The advantages for a DEH system, as compared to the electrical heat tracing technology (described below), are the simplicity of system configuration, WISP applicable, and lower capex. The drawbacks for the DEH technology are the power requirements for long distance tiebacks and the efficiency of using the electrical power due to the return path of the electrical current (pipeline and/or open sea).
Electrical heat tracing
Heat tracing technology is usually applied to the PIP system. It uses the pre-installed heating wires on the external surface of the production flowline (embedded/under the insulation layer) to heat up the production flowline directly. This technology utilizes the high thermal insulation effects of the PIP system to keep the maximum heat generated by the electrical heating. It can substantially reduce the electrical power consumption to achieve the same heating effect as the DEH system does. Because of the complexity of the installation of the heat tracing system, it is most suitable for reel-lay installation, in which most of the field joints can be made onshore.
Thermal management for flow assurance in subsea production systems is a mature technology. Passive thermal insulation methods (wet or dry) are widely used in subsea field developments to prevent critical flow assurance issues like hydrate formation and wax deposition. Active heating (DEH or heat tracing) technologies are receiving more attention due to the advances of the heating technology and the naturally inherited double functions of mitigation and remediation.

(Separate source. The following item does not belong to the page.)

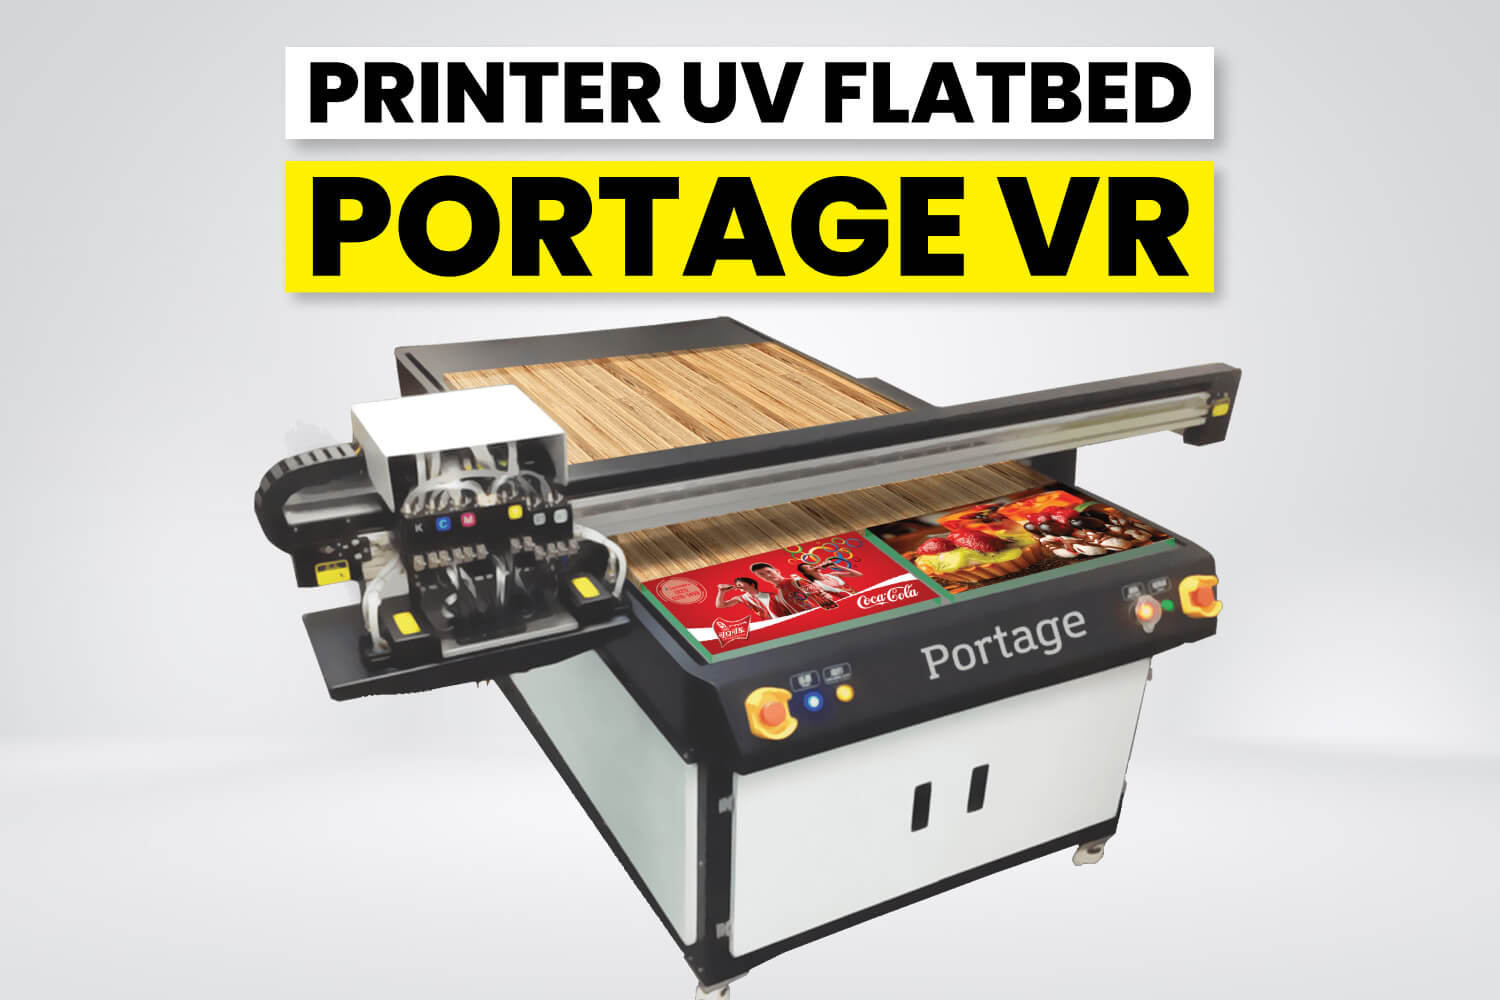 Printer Uv Flatbed Portage Vr
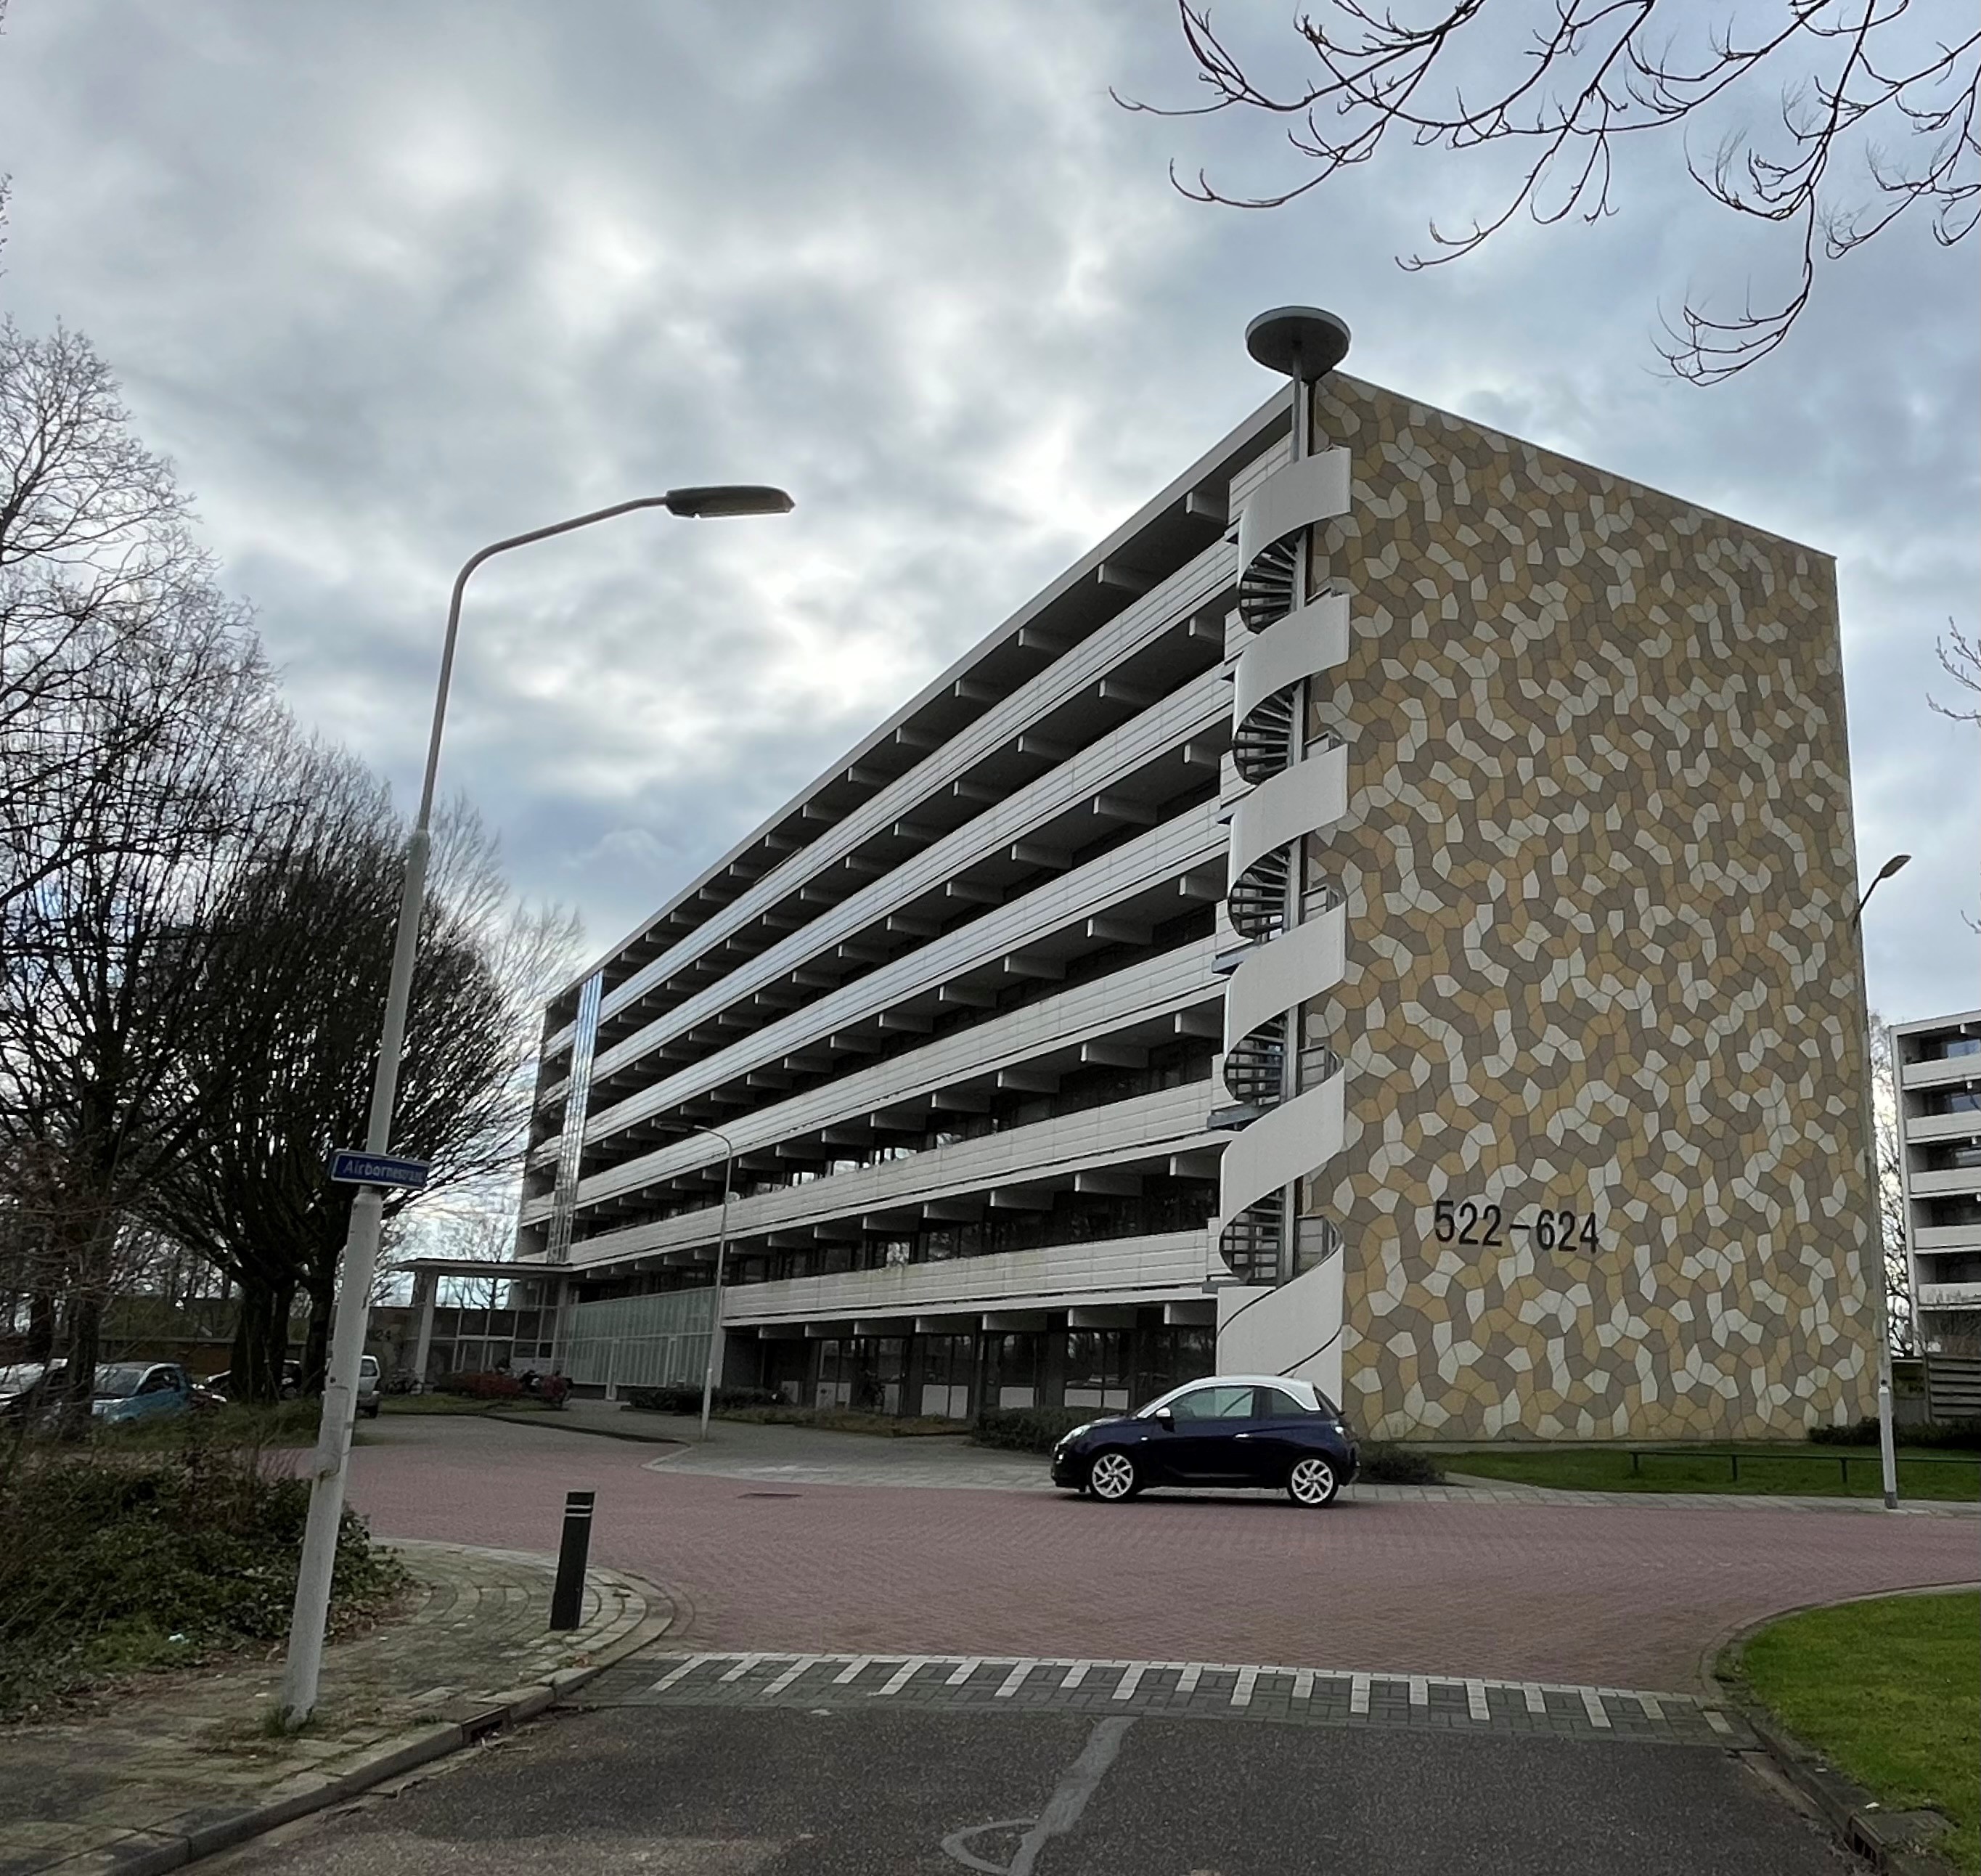 Caenstraat 530, 7002 GV Doetinchem, Nederland

Other subsea technologies such as subsea boosting and subsea separation can be full or partial solutions for flow assurance issues in a subsea production system. The author is confident that the advance of flow assurance technologies will help make the subsea production system more operable while reducing the cost of subsea field development.
Jianlin Cai, Ph.D., is Flow Assurance Manager of INTECSEA in Houston, Texas. Dr. Cai has more than 30 years of industry experience with 20 years in the offshore oil and gas industry.